Ray-Jones’s five-year stay in the USA and his studies at Yale University of Art were of great importance to his artistic development. During his year-long stay in New York he frequented the laboratory of Alxey Brodovitch, and had the chance to meet and draw inspiration from the ‘street photographers’ – Joel Meyerowitz and Garry Winogrand. In their company, his Leika in hand, he learned to melt into the multiethnic New York crowd, making testimony to the very act of observation from the scenes he photographed. He took this way of understanding documentary photography back with him to the British Isles.
Commercial photography held sway in Great Britain in the 1960s, and the documentary, anthropological view that attempted to grasp what was specifically British – Tony Ray-Jones’s approach – was isolated and exotic. In 1968 his attempts to publish the England by the Sea album, which served as a basis for the later A Day Off, came to nothing – the publishers claimed that the album would raise no interest.
Even at the present moment it is not easy to call Ray-Jones a popular photographer.
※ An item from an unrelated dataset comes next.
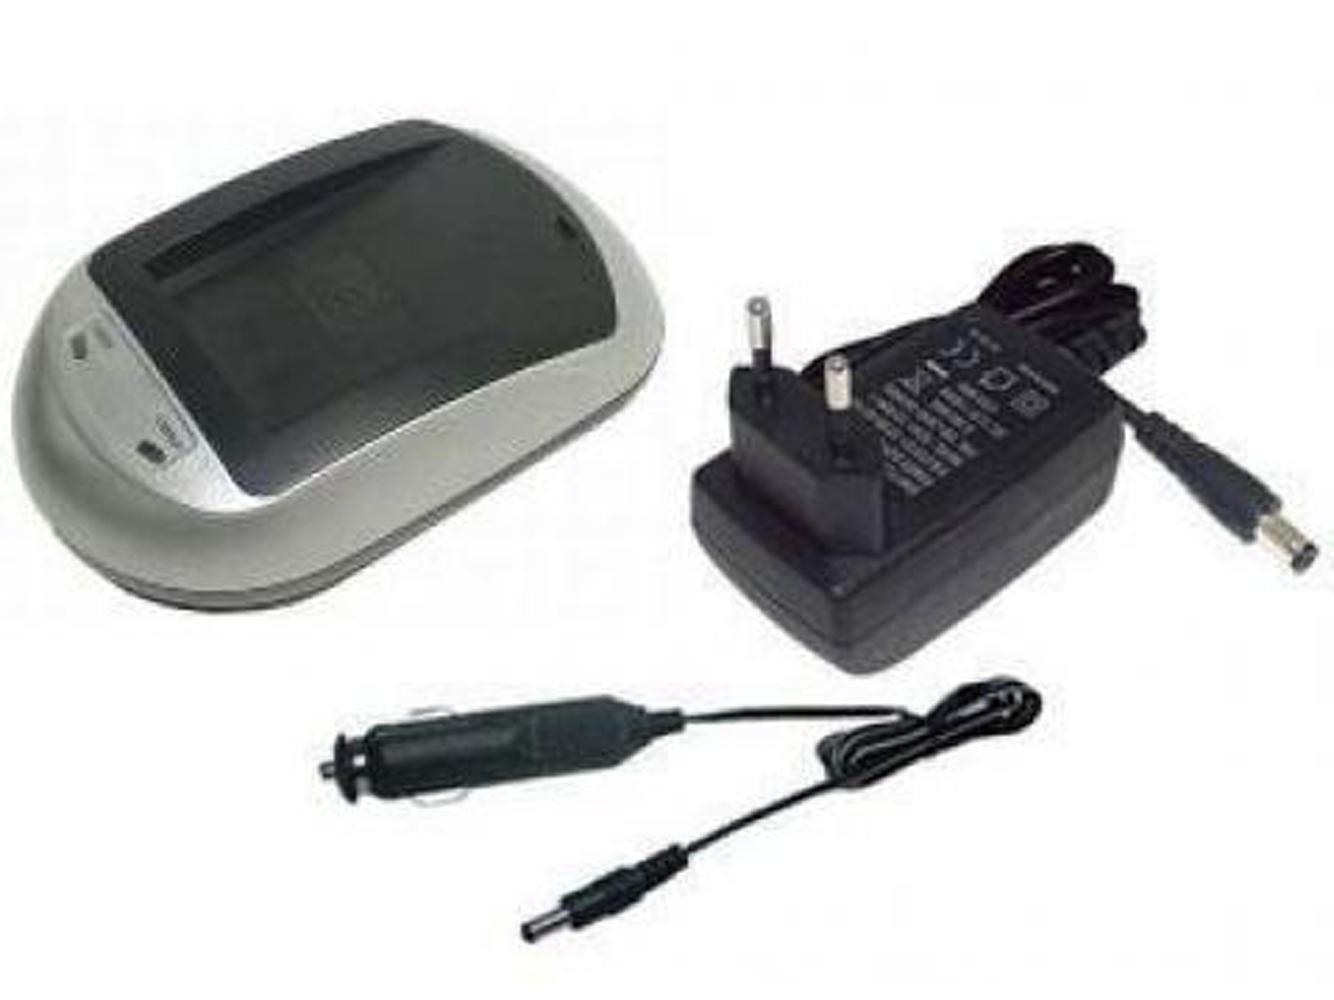 Battery Charger for CANON BP-208, BP-308, BP-308B, BP-308S, BP-315

It was only in 2004 that his work received a full retrospective exhibition at the National Museum of Photography, Film and Television in Bradford. The Starmach Gallery exhibition will give Polish audiences the chance to get a close look at the work of this artist who was so vital for the development of documentary photography.

 

 

 

 

Tony Ray-Jones

Curator: David Alan Mellor

Coordinator: Joanna Piotrowska

Grand opening: 7.05.2010, 6:00 p.m.

Starmach Gallery, 5 Węgierska st.
Exhibition dates: 7.05–4.06.2010; MON-SAT: 11:00 a.m.–6:00 p.m.